Work to be completed :: Print only the lines from the one with "Domestic transport services" through the end of the data, exactly, and please omit pictures.

Available data ::
☆ ☆ ☆

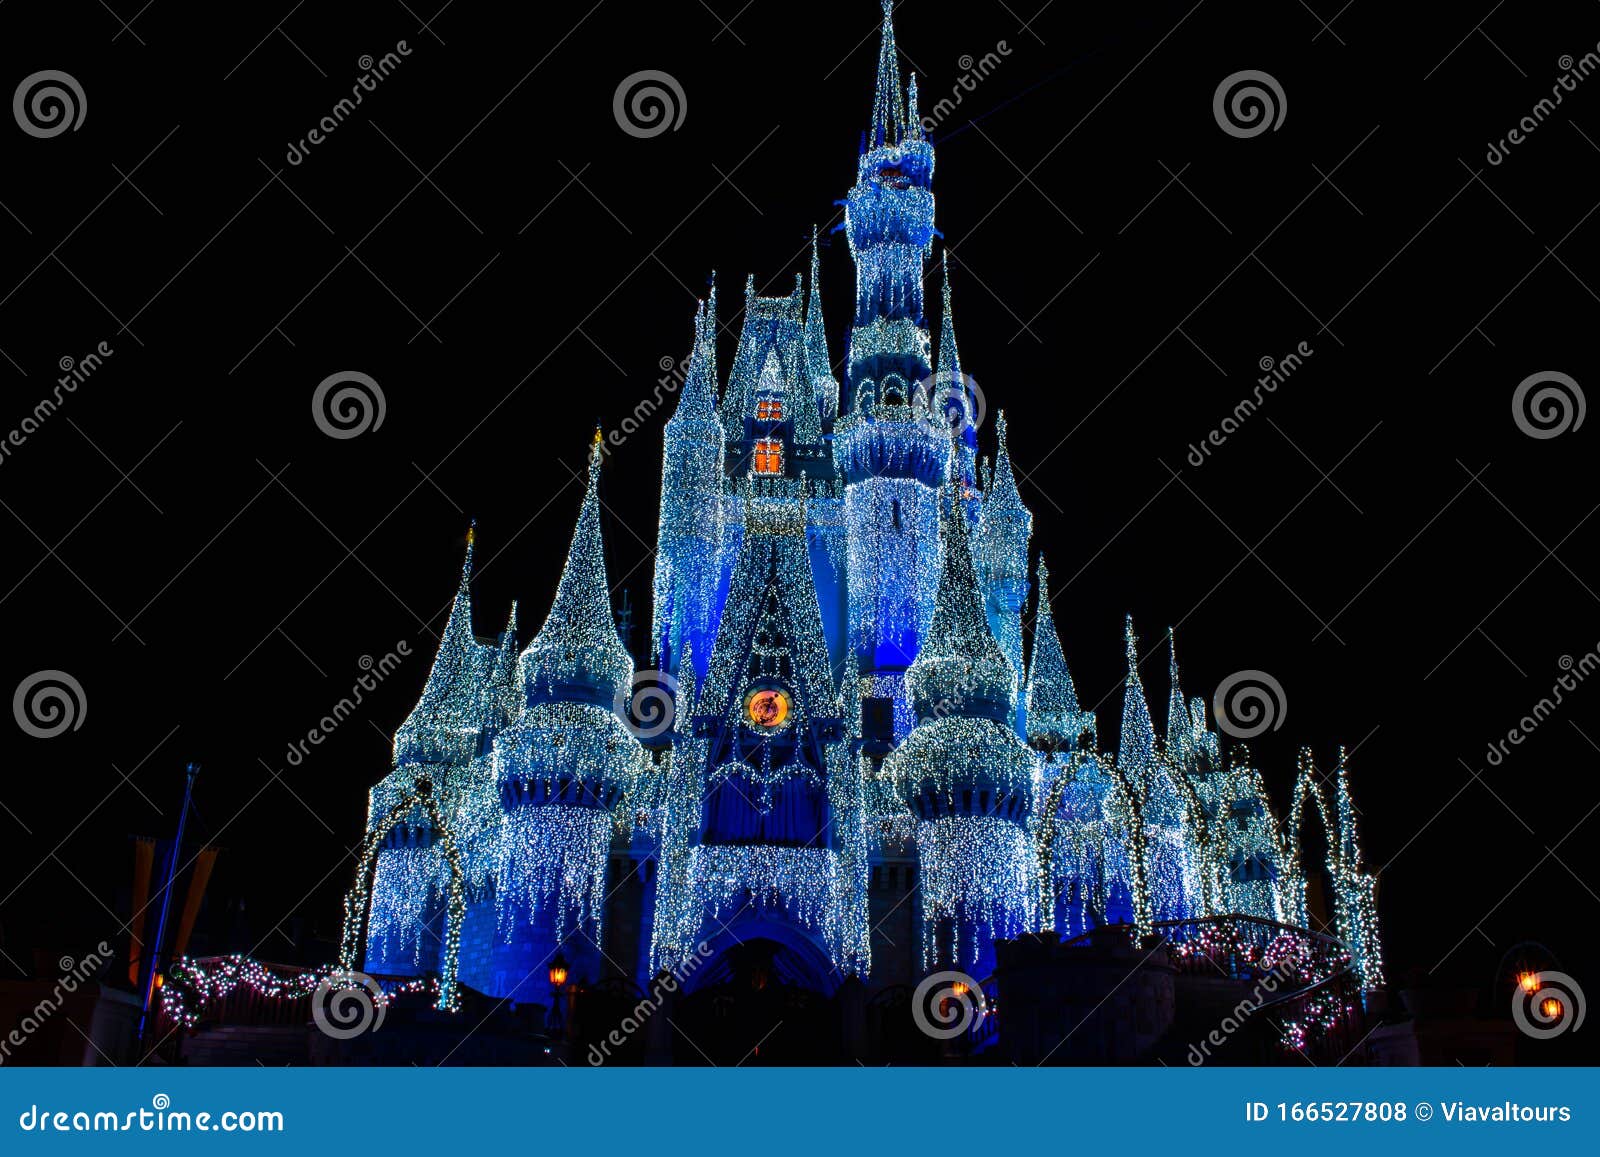 Frozen Castle Stock Photos - 14,631 Images
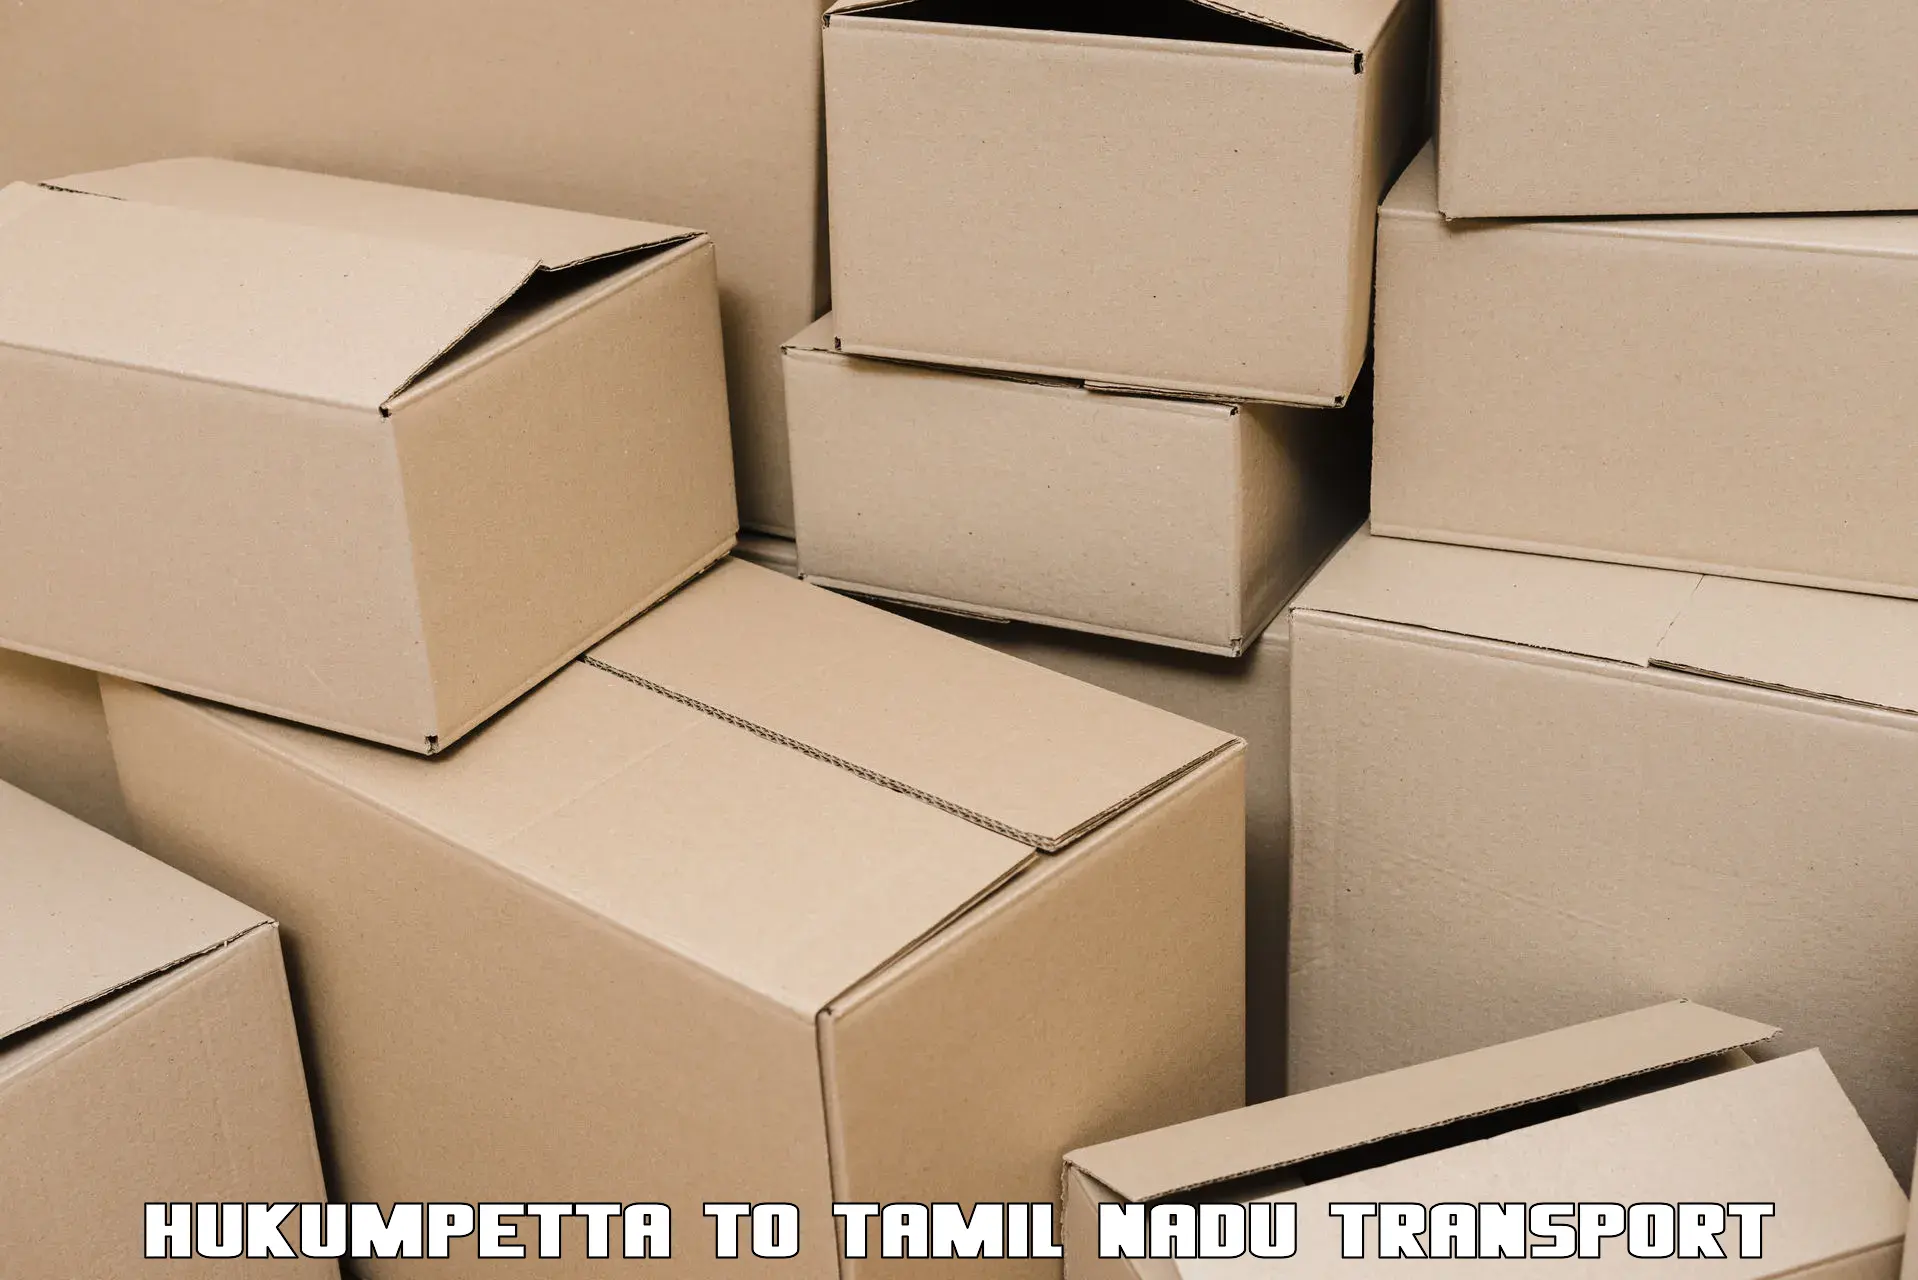 Domestic transport services in Hukumpetta to Tamil Nadu
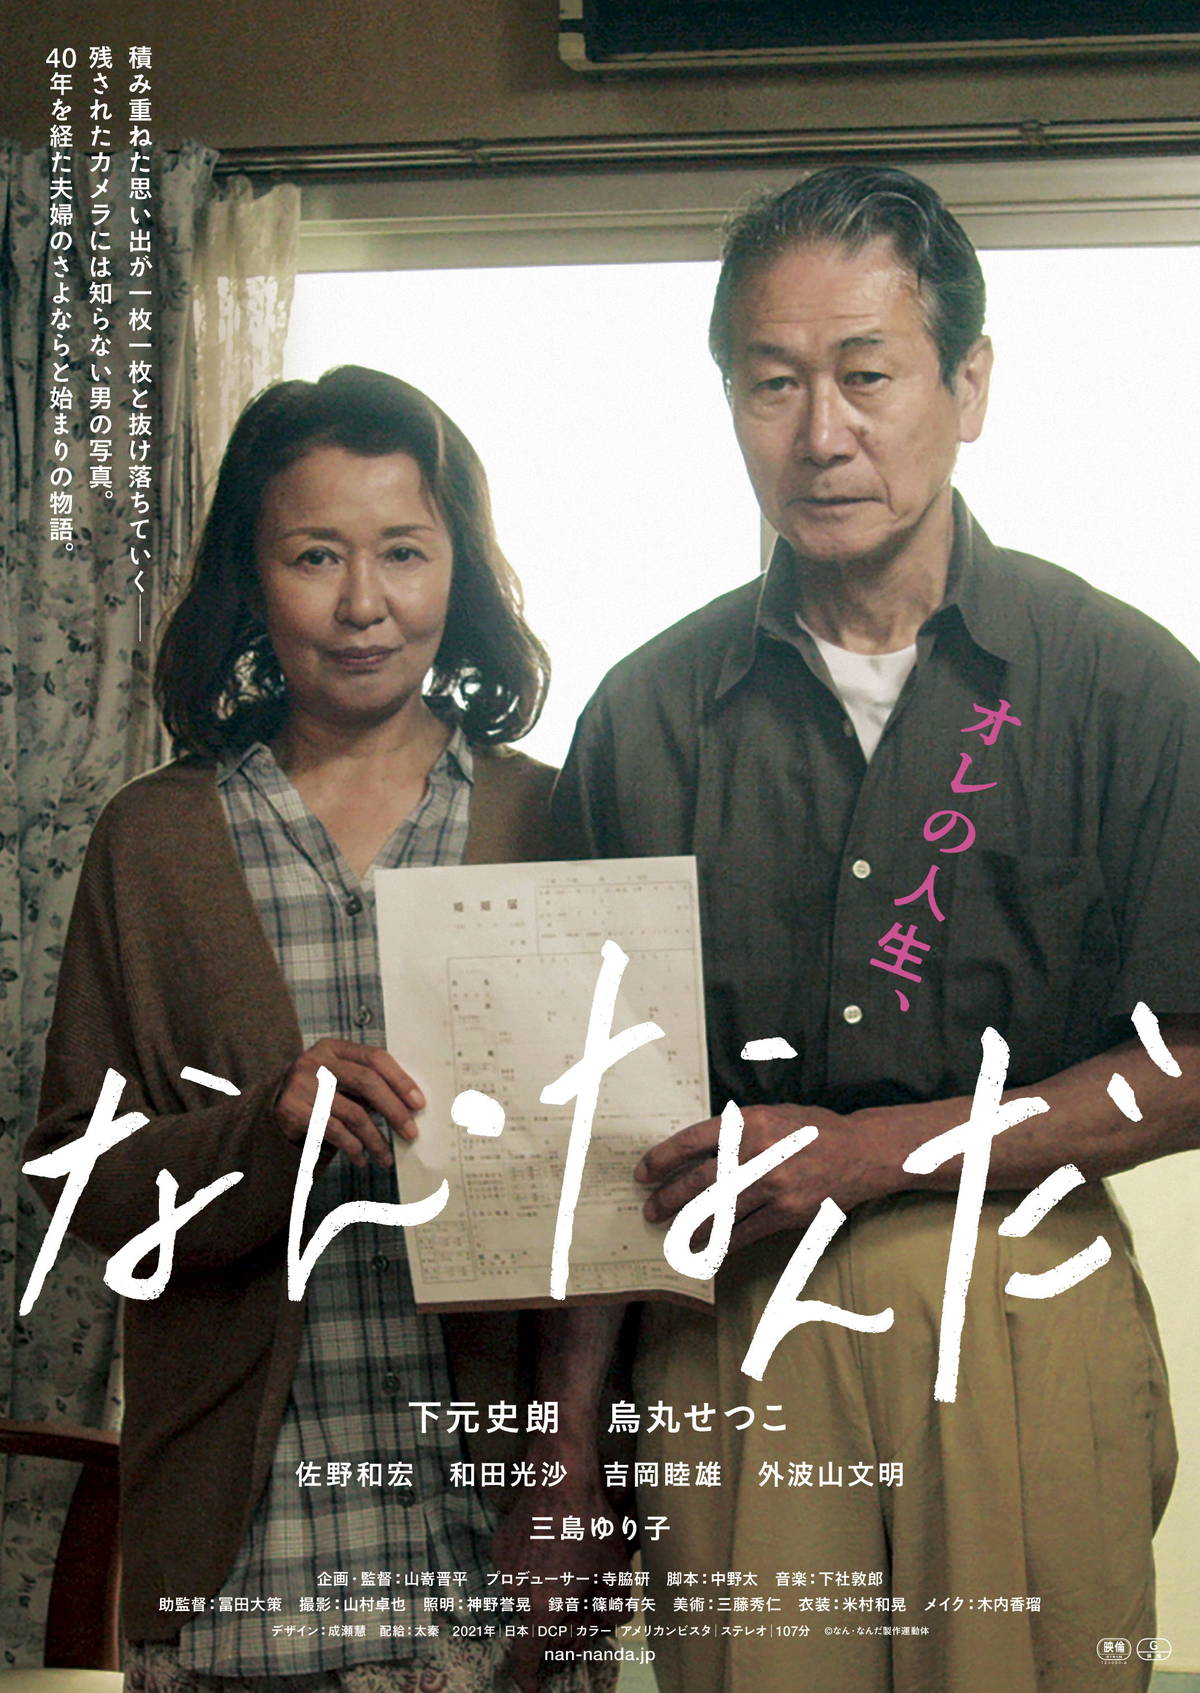 Nan Nanda film - Shinpei Yamazaki - poster

☆ ☆ ☆

Exercise result ::
 Domestic transport services in Hukumpetta to Tamil Nadu
 Nan Nanda film - Shinpei Yamazaki - poster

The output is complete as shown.